If function calling is triggered, the call arguments will be contained in the tool_calls
attribute in the choices
element in the response. The finish_reason
will be tool_calls
.
from openai import OpenAI
tools = [{
"type": "function",
"function": {
"name": "get_current_weather",
"description": "Get the current weather in a given location",
"parameters": {
"type": "object",
"properties": {
"location": {
"type": "string"
},
"unit": {
"type": "string",
"default": "celsius"
}
},
"required": ["location"]
}
}
}]
client = OpenAI(api_key='Your API Key', base_url='http://localhost:5001/v1/')
output = client.chat.completions.create(
model='my_llama_model',
messages=[
dict(role='user', content='What is the current weather in London?')
],
max_tokens=256,
tools=tools,
tool_choice='auto',
stream=False
).choices[0].model_dump()
# output:
# {'finish_reason': 'tool_calls',
# 'index': 0,
# 'logprobs': None,
# 'message': {'content': None,
# 'role': 'assistant',
# 'function_call': None,
# 'tool_calls': [{'id': 'call_052c8a6b',
# 'function': {'arguments': '{"location": "London", "unit": "celsius" }',
# 'name': 'get_current_weather'},
# 'type': 'function',
# 'index': 0}]}}
If tool_choice="none"
is passed, the list of tools provided will be ignored and the model will only generate normal text.
Only one model is loaded on ram at a time, but the engine leverage MLX fast module loading time to spin up another model when it is requested. This allows serving multiple models with one endpoint.
When configuring your model, you can specify the quantisation to increase your inference speed and lower memory usage. The original model is converted to MLX quantised model format when initialising the serving engine.

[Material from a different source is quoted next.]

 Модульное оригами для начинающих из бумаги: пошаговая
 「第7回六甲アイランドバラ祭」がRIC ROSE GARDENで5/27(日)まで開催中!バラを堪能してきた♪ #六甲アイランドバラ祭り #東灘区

from pydantic import BaseModel
from openai import OpenAI
client = OpenAI(api_key='Your API Key', base_url='http://localhost:5001/v1/')
class Customer(BaseModel):
first_name: str
last_name: str
age: int
prompt = """Extract the customer information from the following text in json format:
"...The customer David Stone join our membership in 20023, his current age is thirty five years old...."
"""
for i in client.chat.completions.create(
model='my_llama_model',
messages=[dict(role='user', content=prompt)],
max_tokens=200,
stream=True,
extra_body=dict(
guided_json=Customer.model_json_schema()
)
):
print(i.choices[0].delta.content, end='')
# Output: {"first_name": "David", "last_name": "Stone", "age": 35}
This project is licensed under the terms of the MIT license.